For self-insured plans, the health plan itself is the covered entity under 45 CFR § 160.103, and the employer takes on the responsibility, especially if it is also self-administering. This is where policies, staff training, and proper plan documentation are needed.

 

Takeaways for plan sponsors

Navigating the covered entity question requires clarity about roles, responsibilities, and plan structure. Here is a summary:

  • Health plan sponsors are generally not covered entities under 45 CFR § 160.103, but the health plans they sponsor may be.
  • When sponsors perform plan administration functions, they are subject to the specific requirements of 45 CFR § 164.504(f) governing how they handle PHI.
  • Plan documents must be amended to authorise the flow of PHI from the plan to the sponsor, with conditions as set out in 45 CFR § 164.504(f)(2).
  • A firewall between plan administration and HR functions is a legal requirement under 45 CFR § 164.504(f)(2)(iii).
  • Self-insured employers carry more compliance risk than those with fully insured plans.

 

FAQs

What is the easiest way for an employer to reduce its HIPAA exposure?

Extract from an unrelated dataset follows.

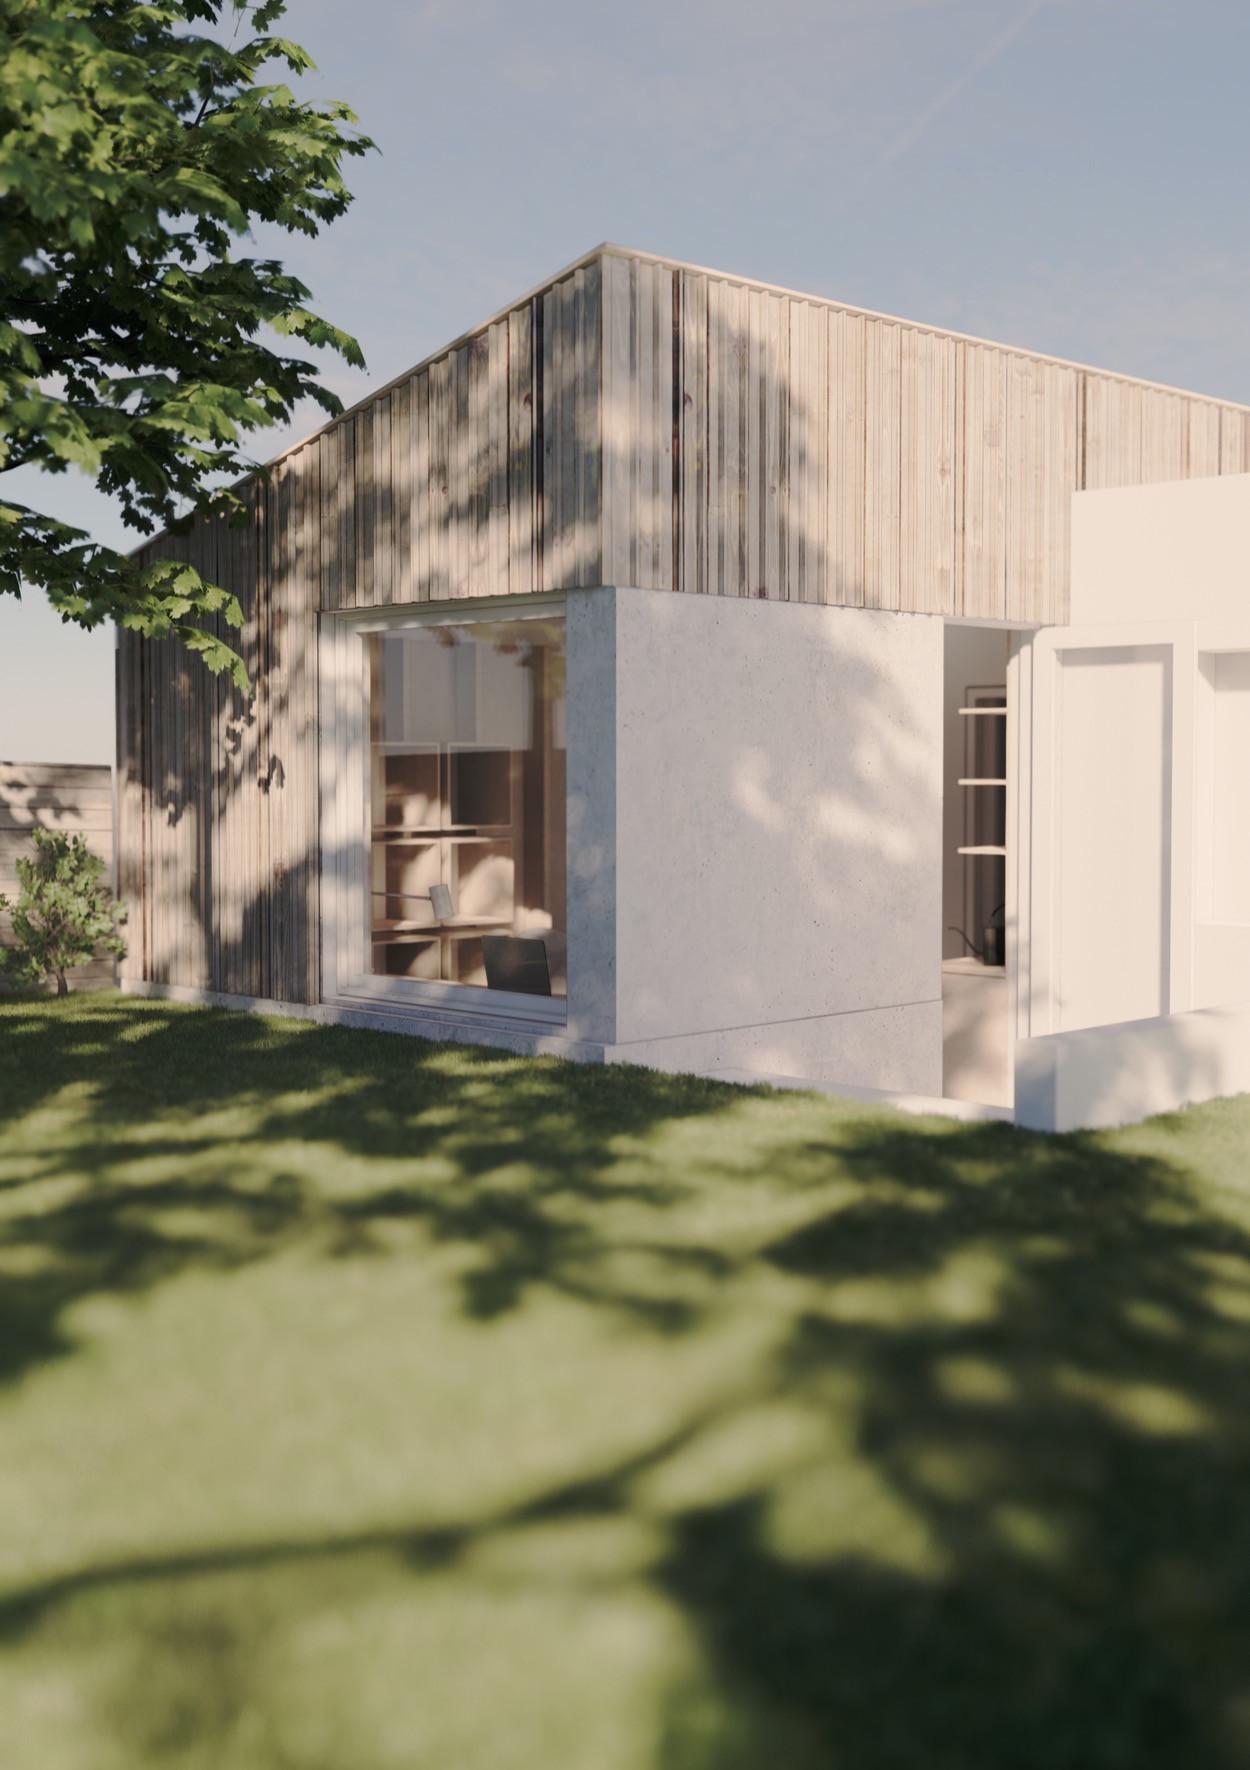 New build garden extension

Hiring a Third-Party Administrator to handle plan administration reduces the volume of PHI an employer directly handles.

 

Can an employee find out if their health information was shared with their employer?

Employees have rights under HIPAA to request an accounting of certain disclosures of their health information.

 

What happens if an employer violates the firewall requirement?

Violations can trigger regulatory penalties under HIPAA and potential liability under other federal laws such as the ADA and GINA.

 

Does HIPAA cover retirees on a company health plan?

Retirees who participate in an employer-sponsored group health plan are considered participants and their PHI is subject to the same protections as current employees.